Resistance – Thick Film Resistor Vulcanization
A group of field instruments used in a chemical plant a year later, the instrument has failed. The analysis found that the instrument used in the thick film patch resistance has become larger, and even become open. The failure of the resistance observed under a microscope, you can find the edges of the resistance electrode appeared black crystalline material, further analysis of the composition found that the black material is silver sulfide crystals. The original resistor is corroded by sulfur from the air.
So what happened to this process? The structure of the thick film resistor is usually as follows:
The top electrode is the internal electrode connecting the ruthenium dioxide resistor and the solder tip. This electrode is generally silver-palladium alloy. Due to the resistance of the surface of the secondary protective layer and the welding tip is not a perfect match. The surface electrode is partially exposed to the air. Therefore, when the air contains a large amount of sulfide gas, the silver is reacted with sulfide to form silver sulfide. Since silver sulfide is not conductive, the resistance gradually increases as the resistor is cured until it finally becomes an open circuit.
In fact, not only resistors used in chemical plants can be cured, resistance in mining and thermal power plants is also at risk of being vulcanized, and in some cases only because of the use of sulfur-containing rubbers in closed environments It also causes sulfur released at high temperatures to cause resistance to cure. Therefore, automotive electronics has also begun to pay attention to the resistance of the curing.

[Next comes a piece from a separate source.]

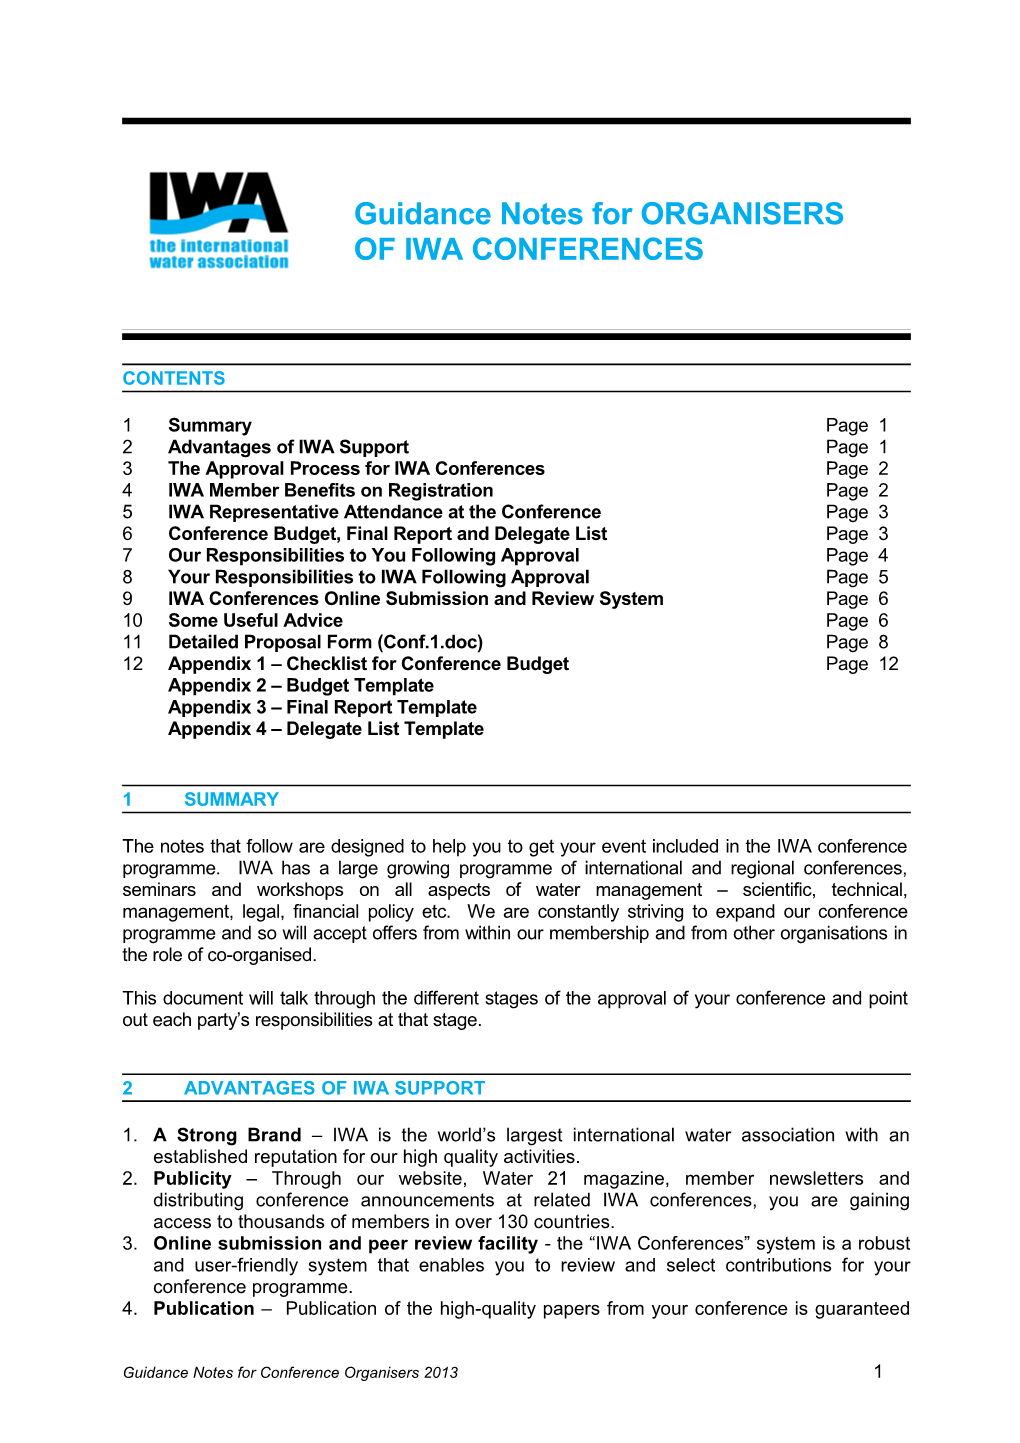 Guidance Notes for ORGANISERS of IWA SPONSORED CONFERENCES

In order to prevent the resistance of the vulcanization of people began to develop resistance to sulfur resistance. In general, the thin film resistor is made of nichrome or tantalum nitride. This thin film resistor contains no silver, so it inherently has good anti-vulcanization ability. So in general, anti-sulfur resistance often refers to the thick film resistance. Anti-vulcanization design of thick film resistors are generally used to adjust the composition of the surface electrode and adjust the thick film resistor structure.
Surface electrode is silver palladium alloy, increase the content of palladium can enhance the anti-vulcanization performance. However, after the increase of palladium silver palladium alloy melting point will increase, will have a certain impact on the process. So now the main production of anti-vulcanization resistor manufacturers are adjusting the resistance structure up and down enough.
Preventing the surface electrode from being directly exposed to the air is the main method of anti-vulcanization design by adjusting the resistance structure at present. This method is to use a non-erosive material on the surface electrode as a protective interlayer. The middle layer fills the gap between the secondary protective film and the solder tip to avoid direct exposure of the surface electrode. One of the most common structures uses gold as the middle layer.
A gold conductive layer is used as a protective layer of the surface electrode outside the internal surface electrode. Due to the metal in the precious metal so the cost of this anti-vulcanization resistor is relatively high.
In order to reduce costs, resistance manufacturers in this layer of protective layer composition began to think of ways, such as Rohm’s anti-vulcanization resistor is a special resin material instead of gold, while others according to their own technology, process characteristics of the use of nickel-chromium Gold substitutes.
The Fenghua Hi-Tech in the structure not only the use of the middle layer to protect the surface electrode, but also improve the process, the welding tip wrapped around the edge of the secondary protective film to prevent the exposure of the internal electrodes.
At present, the price of anti-sulfur resistance is more expensive than ordinary thick-film resistors. Generally, anti-sulfur resistance is used in the chemical, mining, thermal power and automotive electronics mentioned above, but also in some high-end applications that require strict reliability such as Telecom and other industries.